Aspirational values or disingenuous claims? The line in the sand



To go big, you have to think big. To think big, you need aspirational goals.

David and Goliath

Aspirational goals are those big ideas that people and groups need to succeed in the future but lack in the present. Malcolm Gladwell wrote about the power of aspiring to be more than you are in his bestselling book – David and Goliath – Gladwell describes how, people labeled as “underdogs” use that status to leverage unconventional powers.

For the David and Goliath-like community coalitions that I work with, joining forces around big, aspirational ideas is the driving force for change.

Coalitions – when they are at the top of their game – can be far more powerful than any single organization working alone. They can share and apply more resources, build sustainable support for the long haul of policy change, and will often attract and develop new leaders.

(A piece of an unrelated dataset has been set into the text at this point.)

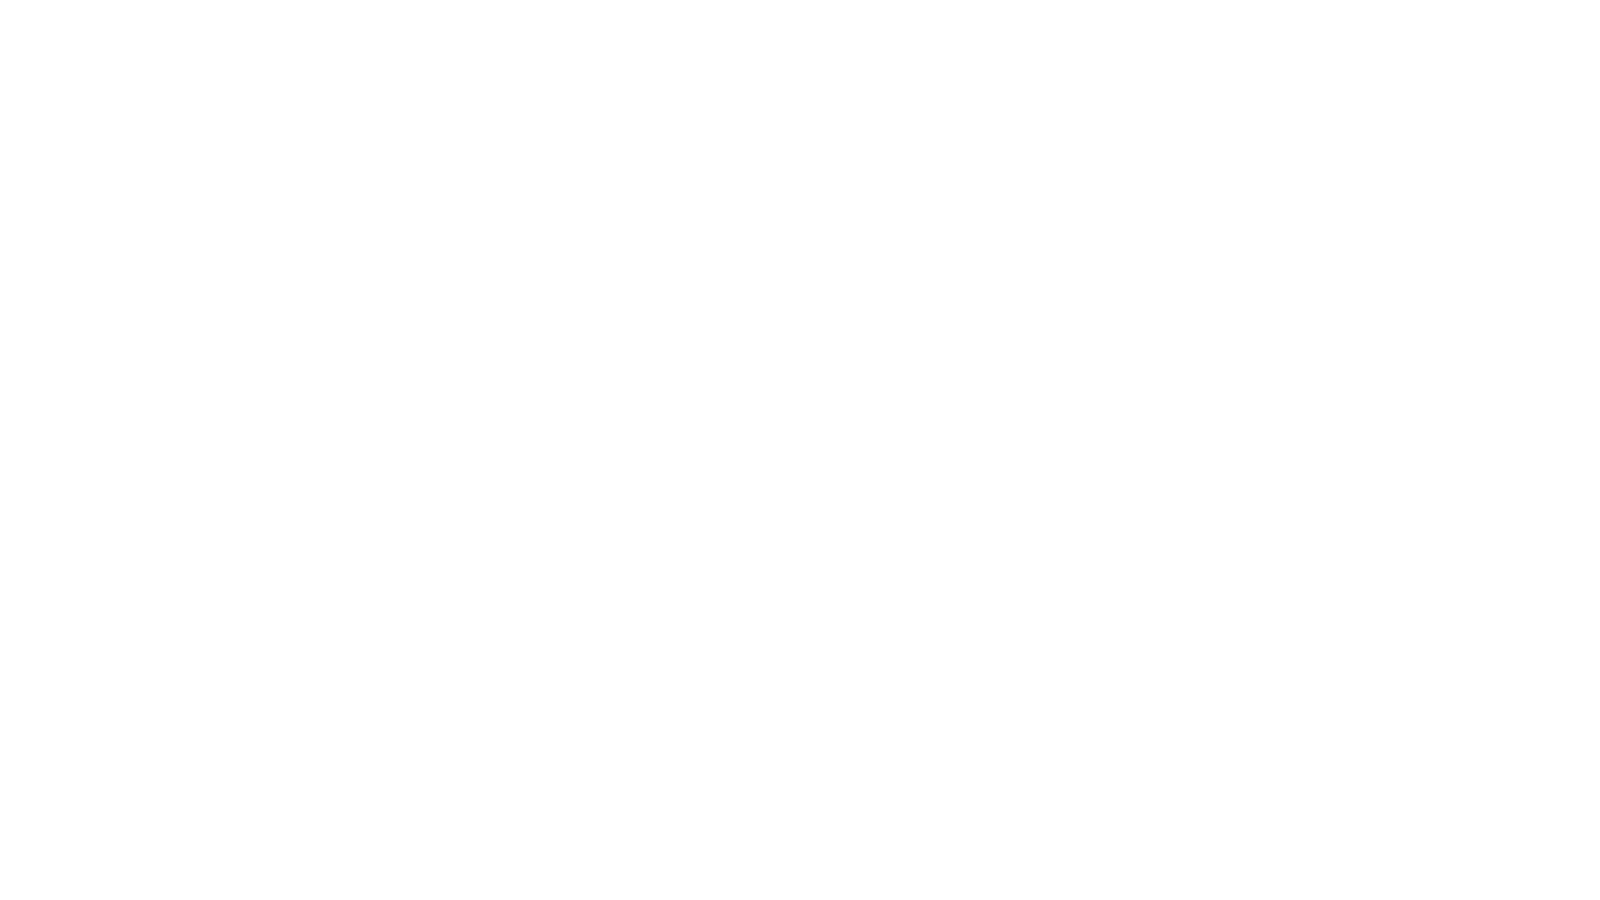 LA NARANJA DE SANTA FE en VIVO! (6/11/2020) Streaming desde el Centro Cultural Francisco Paco Urondo (Santa Fe) Queremos agradecer a Cultura Santa Fe por esta convocatoria.  Nuestra banda en formato semi-acústico: LUIS POLLO SAEZ (voz, guitarra y composición), GISELA TRENTO (voz y coros), EDUARDO GOYRI (percusión), MATÍAS LEMOS (teclado y coros), JUAN CRUZ BENÍTEZ (guitarra) y JAVIER MULE (bajo) Sonido: Manuel Segheso.  http://www.lanaranjadesantafe.com.ar  https://www.facebook.com/lanaranjadesantafe  Contacto: lanaranjadesantafe@gmail.com

But the reality is that emerging coalitions are fragile. They bring together strangers – people from diverse backgrounds and different viewpoints, who have to figure out how to trust and respect each other’s differences and get something big accomplished. Its not all faith and kumbaya – coalition members often know one another first as adversaries with a history of having to compete for authority, power, funding, members, and media attention. In fact, frustration is one of the prime motivators for coalitions to emerge – leaders cannot lead when they don’t make progress. They loose followers and funders. Organizations who can respond to the leadership challenge by overcoming differences and foraging values-based partnerships are seen as skilled innovators and leaders.

Leadership Skills for Coalitions

There are numerous theories and models that help coalitions develop and overcome challenges, but leadership skills are central to success – especially in the start-up stage.

The core members of successful coalitions share several common characteristics – experience, commitment, diversity, and lack of conflict. Equally important to effective coalition building is the ability to stay focused on the external problem – on the mission – rather than on the internal politics and dynamics – the internal problems. Simply stated, growing big requires a razor-sharp focus on increasing community participation in advancing the mission. In doing so, coalitions decrease conflict and improve their chances of success.

Aspirational values or disingenuous claims?

A client recently asked me if some of the aspirational claims I had written into a draft report to funders might be viewed as being oversold.

She wrote that several of the funders were likely aware of the fragility of the emerging coalition and suggested toning down the aspirational claims, wisely noting that any “funder who has worked with community groups knows that coalitions take time to build and would be unlikely to go from 0 to 60 in (trust and function) in such a short time.”

That observation signaled that it was good time to take stock of the aspirational values I had touted in my draft report. The immediate opportunity was to reflect on what the coalition was willing to stand-by, and commit to with integrity, without being disingenuous. That on-going process of dialogue and reflection is what makes coalitions and their big ideas come alive.

Stretch Goals

Knowing that the purpose of an aspirational goal is to make you stretch – to feel uneasy, and inspire others to see the shared purpose and throw themselves into the fight along with you, helps make it clear that not only is your big idea possible, but that it’s exciting and worth stepping up for.

Cherokee Elder Wisdom

The late social justice advocate and journalist June Callwood shared the following parable at a conference, where a coalition was struggling with its aspirational goals.

A Cherokee elder was sitting with his grandchildren. He told them, “In every life there is a terrible fight – a fight between two wolves. One is evil: he is fear, anger, envy, greed, arrogance, self-pity, resentment, and deceit. The other is good: joy, serenity, humility, confidence, generosity, truth, gentleness, and compassion.” A child asked, “Which one will win?” The elder replied, “The one you feed.”